Так названы были на языке ГУЛАГа те несчастные недобитыши 1937 года, кому удалось пережить невозможные, непереживаемые десять лет и вот теперь, в 1947—48, измученными и надорванными, ступить робкою ногою на землю воли – в надежде тихо дотянуть недолгий остаток жизни. Но какая-то дикая фантазия (или устойчивая злобность, или ненасыщенная месть) толкнула генералиссимуса-Победителя дать приказ: всех этих калек сажать заново, без новой вины! Ему было даже экономически и политически невыгодно забивать глотательную машину её же отработками. Но Сталин распорядился именно так. Это был случай, когда историческая личность капризничает над исторической необходимостью.
И всех их, едва прилепившихся к новым местам и новым семьям, приходили брать. Их брали с той же ленивой усталостью, с какой шли и они. Уж они всё знали заранее – весь крестный путь. Они не спрашивали «за что?» и не говорили родным «вернусь», они надевали одёжку погрязней, насыпали в лагерный кисет махорки и шли подписывать протокол. (А он и был всего-то один: «Это вы сидели?» – «Я». – «Получите ещё десять».)
Тут хватился Единодержец, что это мало – сажать уцелевших с 37-го года! И детей тех своих врагов заклятых – тоже ведь надо сажать! Ведь растут, ещё мстить задумают. После великого европейского смешения Сталину удалось к 1948 году снова надёжно огородиться, сколотить потолок пониже и в этом охваченном пространстве сгустить прежний воздух 1937 года.
Сходные были с 37-м потоки, да несходные были сроки: теперь стандартом стал уже не патриархальный червонец, а новая сталинская четвертная. Теперь уже десятка ходила в сроках детских.
Не забыты были и потоки национальные. Всё время лился взятый из лесов сражений поток бандеровцев. С 50-го примерно года заряжен был и поток бандеровских жён – им лепили по десятке за недоносительство.
Целыми эшелонами из трёх прибалтийских республик везли в сибирскую ссылку и городских жителей, и крестьян.
В последние годы жизни Сталина определённо стал намечаться и поток евреев (с 1950 они уже понемногу тянулись как космополиты). Для того было затеяно и «дело врачей»[11]. Кажется, он собирался устроить большое еврейское избиение.
Однако это стало его первым в жизни сорвавшимся замыслом. Велел ему Бог – похоже, что руками человеческими, – выйти из рёбер вон.
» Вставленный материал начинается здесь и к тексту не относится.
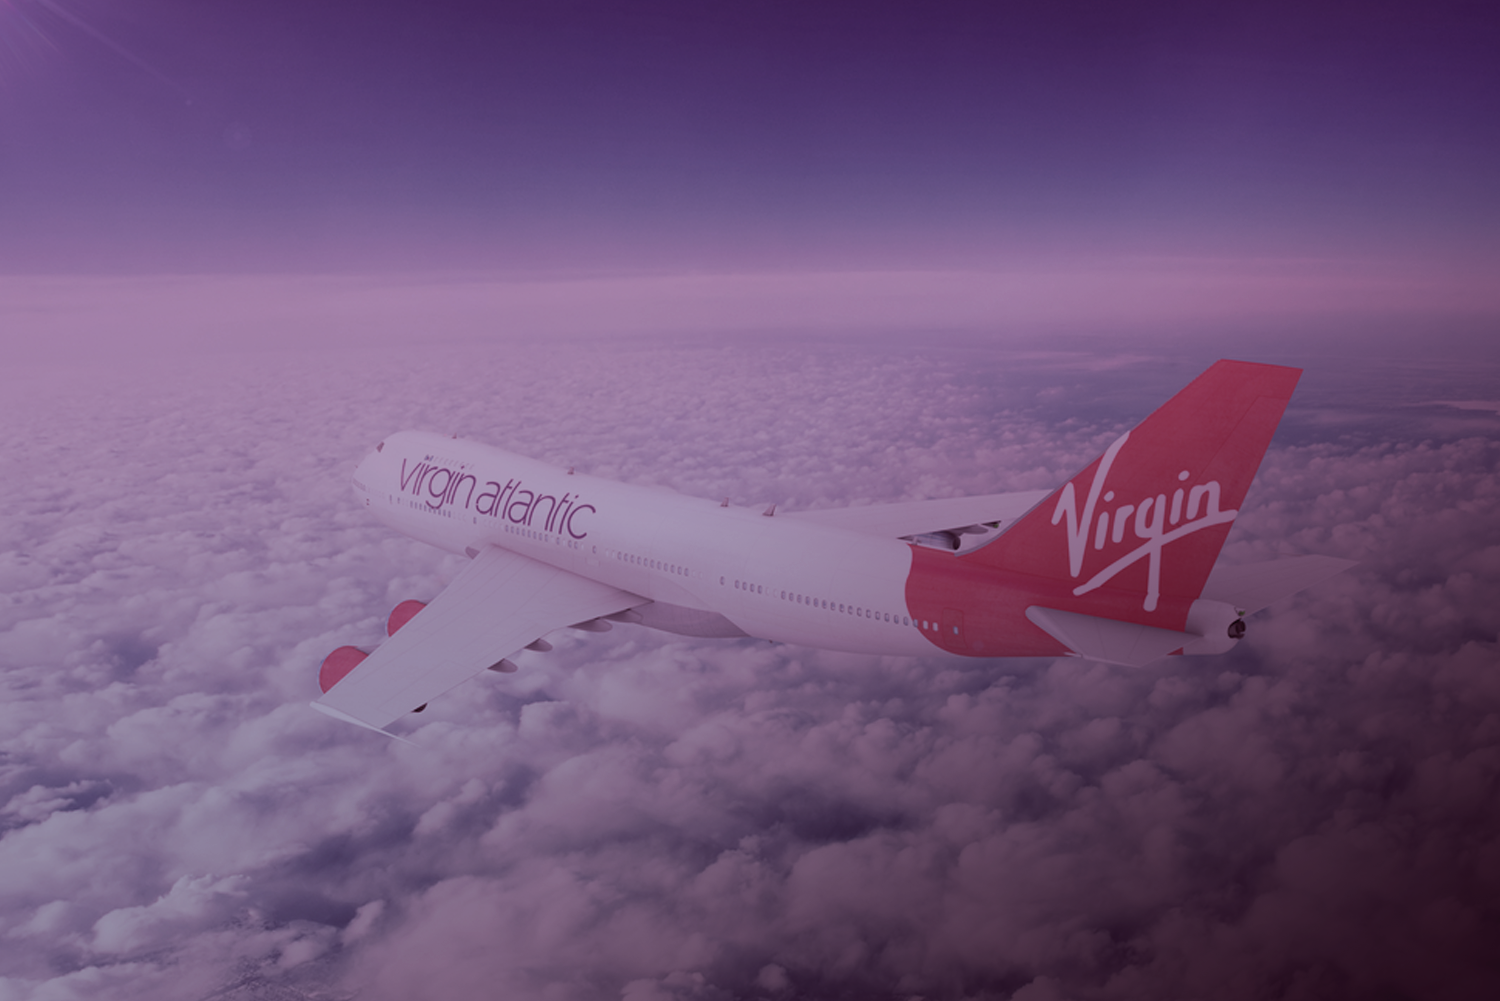 A Virgin Atlantic começará a operar voos no Brasil em 2020
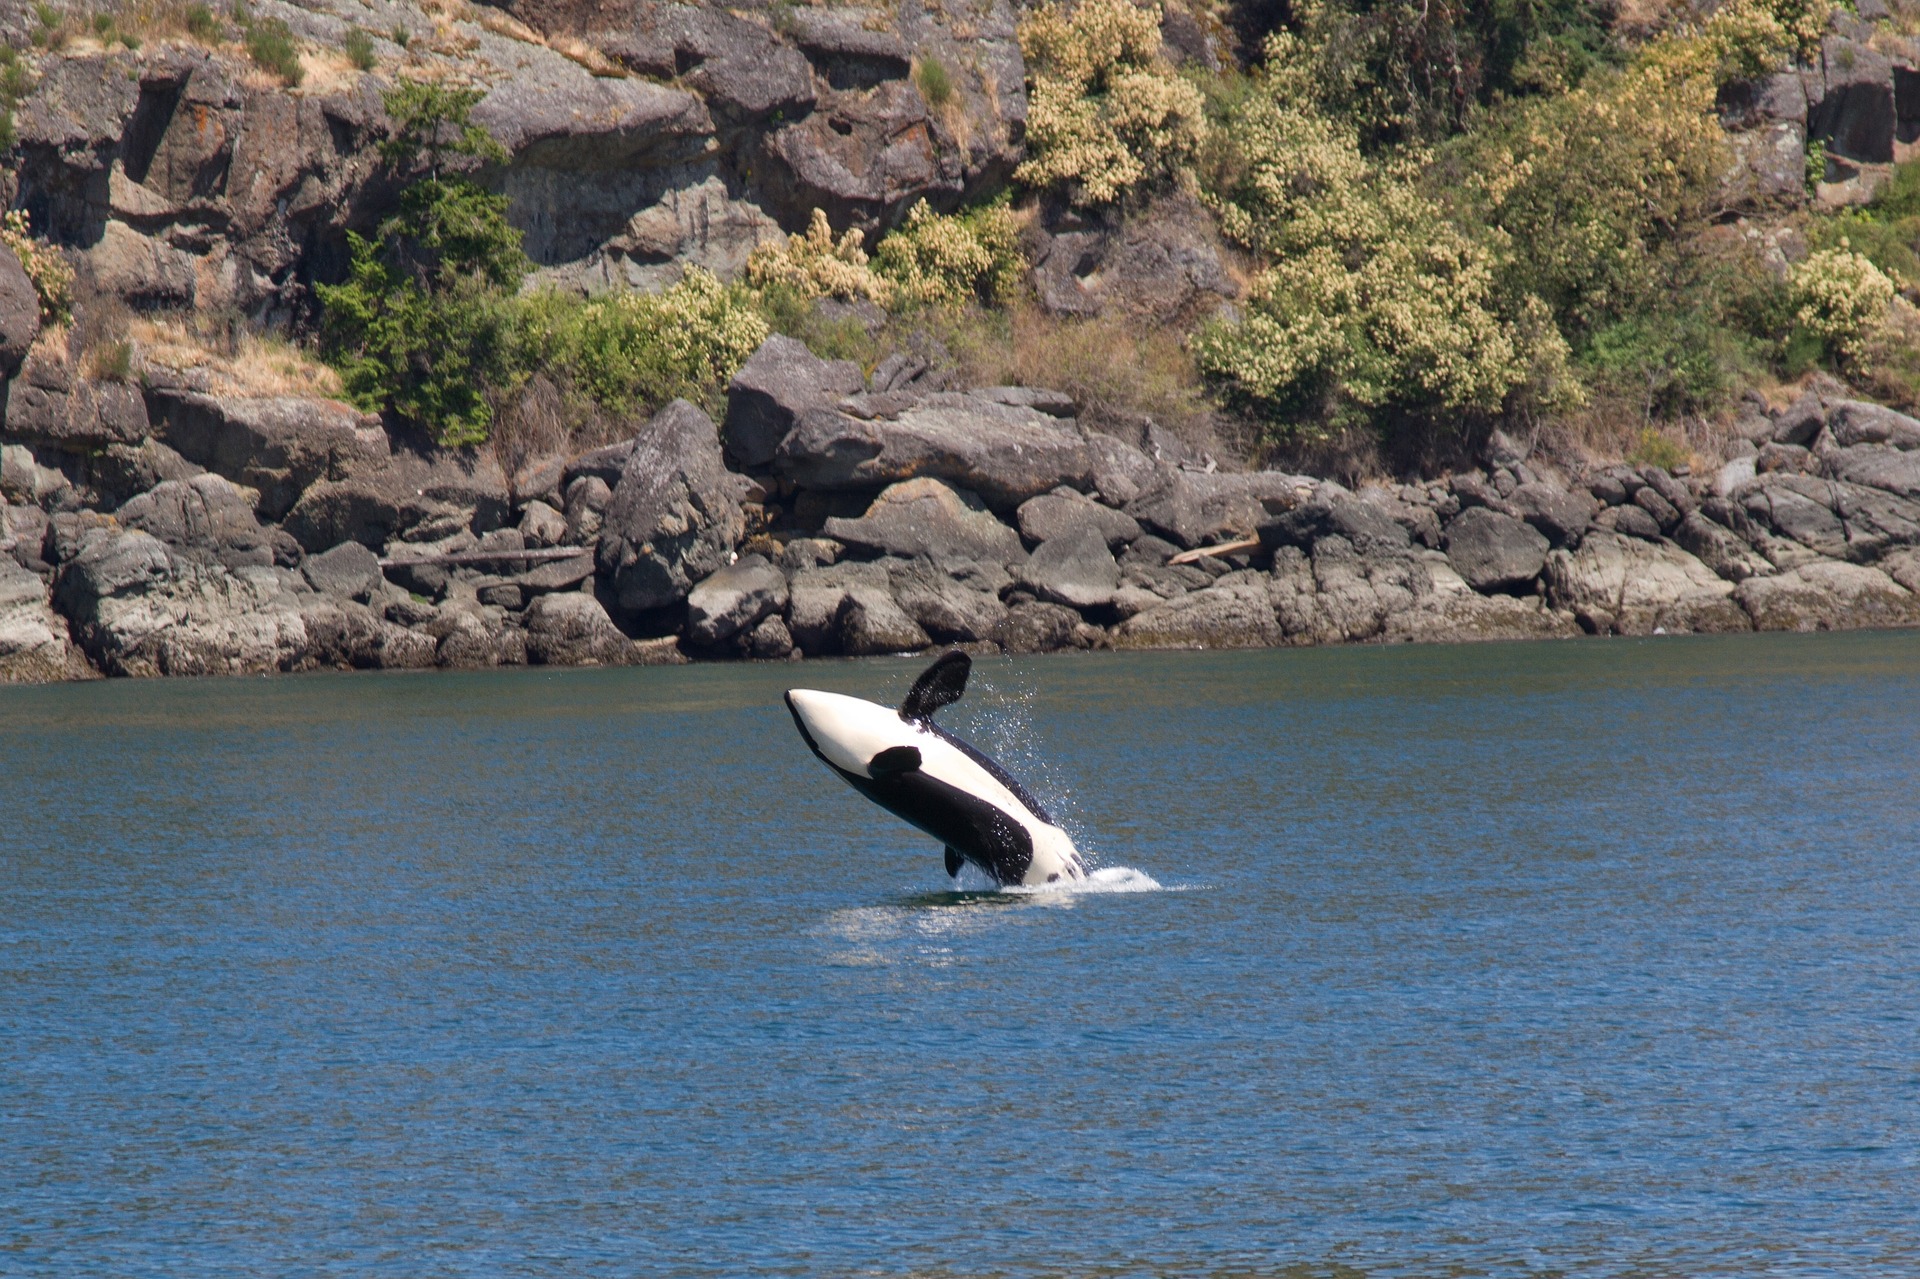 Les orques, ou épaulards, sont de puissants cétacés prédateurs largement répartis dans les océans. © jazapp, Pixabay

Предыдущее изложение должно было, кажется, показать, что в выбивании миллионов и в заселении ГУЛАГа была хладнокровно задуманная последовательность и неослабевающее упорство.
Что пустых тюрем у нас не бывало никогда, а либо полные, либо чрезмерно переполненные.
Что пока вы в своё удовольствие занимались безопасными тайнами атомного ядра, изучали влияние Хайдеггера на Сартра и коллекционировали репродукции Пикассо, ехали купейными вагонами на курорт или достраивали подмосковные дачи, – а воронки непрерывно шныряли по улицам, а гебисты стучали и звонили в двери.
И, я думаю, изложением этим доказано, что Органы никогда не ели хлеба зря.